This invention relates to wide-area fire detection and especially to the detection of forest fires.
Wide-area fire detector apparatus as known, e.g., from European Patent Document EP-A1-0298182, serves for the localization of infrared radiation emitted by objects at a temperature in a range of approximately 300.degree. to 1500.degree. C. in a surveillance area extending several kilometers. Such apparatus is particularly suited for the detection of forest fires from a central observation point in a large forested area. Included in such apparatus is a scanning device with azimuthal freedom of movement and with an optical focusing device, e.g., a reflector, for directing infrared radiation from forest fires in a number of detection areas onto a corresponding number of detector elements. Such detector elements are arranged closely spaced in a row perpendicular to the reflector axis. When the detector apparatus is rotated or panned azimuthally and approximately horizontally about an approximately vertical axis, a number of concentric detection areas result which have different elevation or inclination to the horizontal, and which are periodically scanned as the apparatus turns. If a detector apparatus is installed at an elevated location, e.g., on a mountaintop or on a tall mast, an area extending several kilometers can be monitored by a single detector apparatus for infrared radiation originating from forest fires. The site of a fire can be determined and reported by means of a suitable evaluation circuit.
It is a drawback of such known apparatus that the sensitivity of detection decreases with increasing distance, i.e., with decreasing elevation or inclination of a detection area from the horizontal.
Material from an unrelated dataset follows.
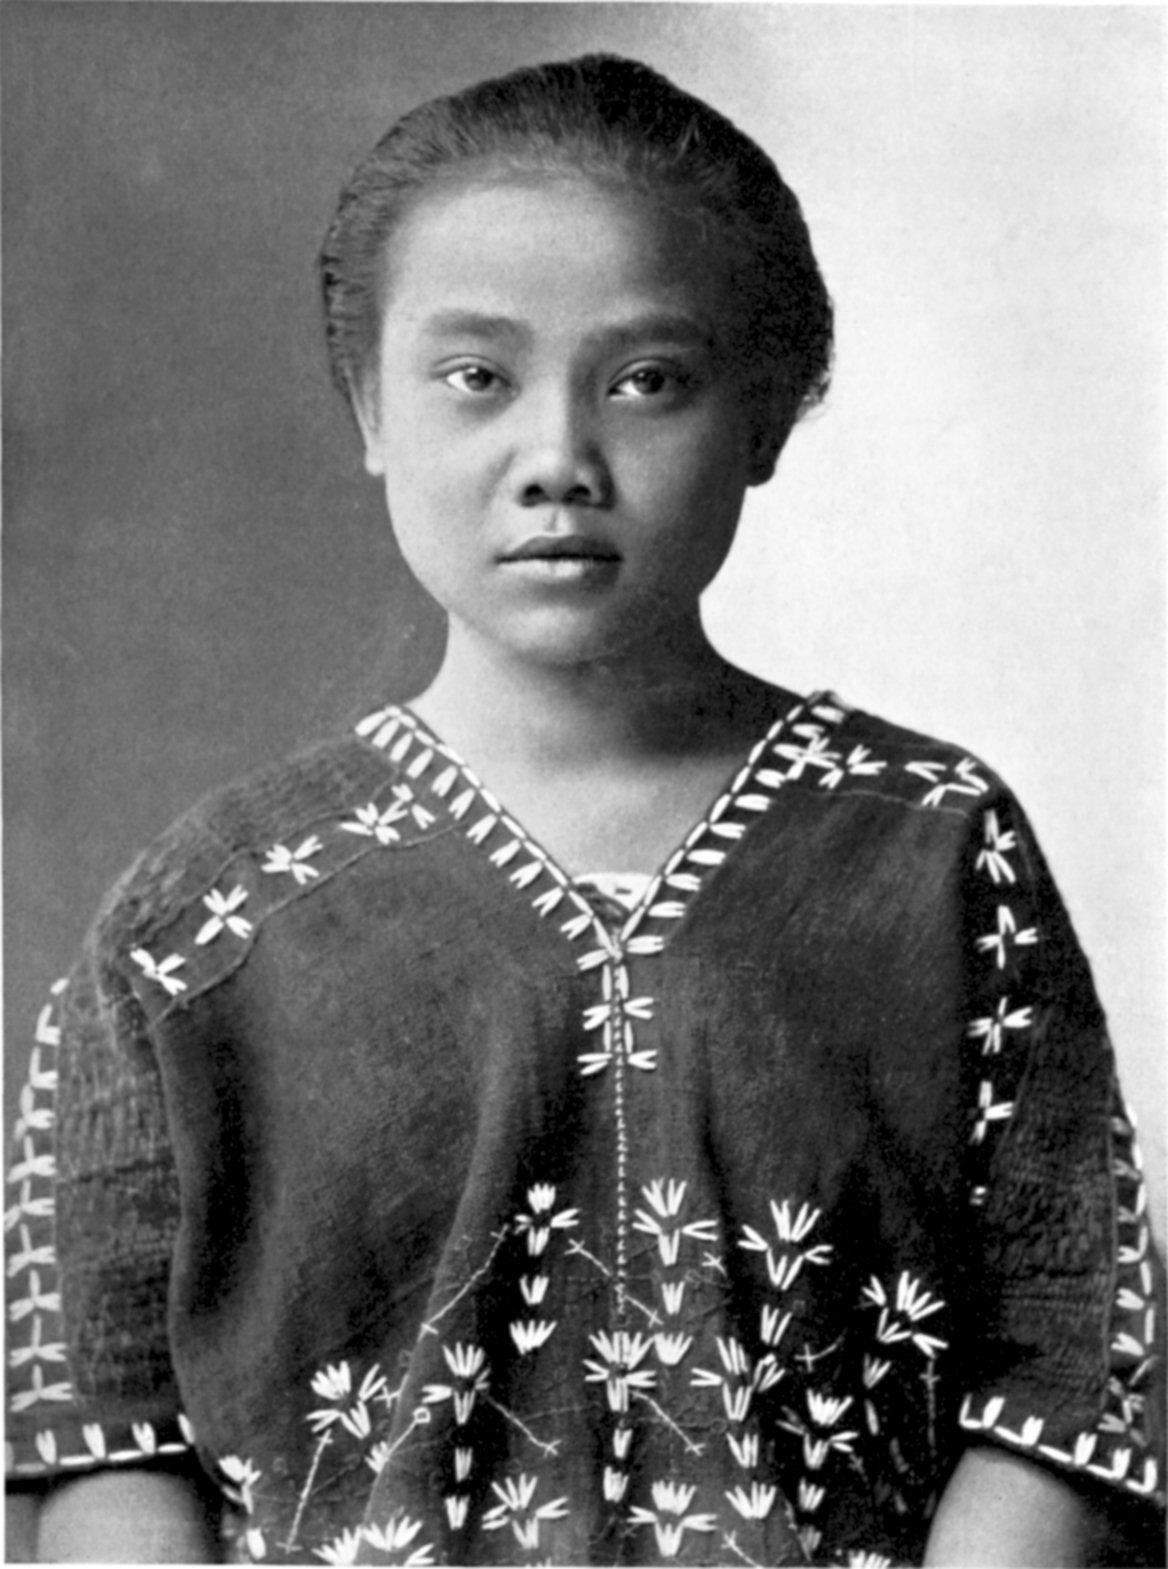 The Kayin (Karen) Ethnic Group in Myanmar

In other words, detection of a fire is more difficult at a distance than at close range. In accordance with German Patent Document DE-A1-3710265, this disadvantage is avoided when a detector apparatus moves not only azimuthally, but also by periodic variation of the angle of elevation. During such vertical panning movement, the focal length of the focusing device is automatically adjusted, as a function of the angle of elevation, to maintain approximately constant infrared detector resolution in the entire surveillance area. This requires complicated and failure-prone control means with additional movable components. As a result, long-term operation at a remote location is virtually impossible, as the apparatus requires frequent service.
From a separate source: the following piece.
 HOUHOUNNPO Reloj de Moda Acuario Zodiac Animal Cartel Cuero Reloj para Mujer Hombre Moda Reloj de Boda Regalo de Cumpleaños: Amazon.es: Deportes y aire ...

A further disadvantage of such known forest-fire detectors lies in their susceptibility to parasitic infrared radiation from extraneous sources, especially to direct or reflected solar radiation. While the intensity peak of solar radiation lies in the range of visible light, solar intensity in the infrared range, i.e., in the range of thermal radiation from a forest fire, can be strong enough to erroneously trigger a fire alarm signal. Even diffuse light can have such strong infrared component triggering a false alarm.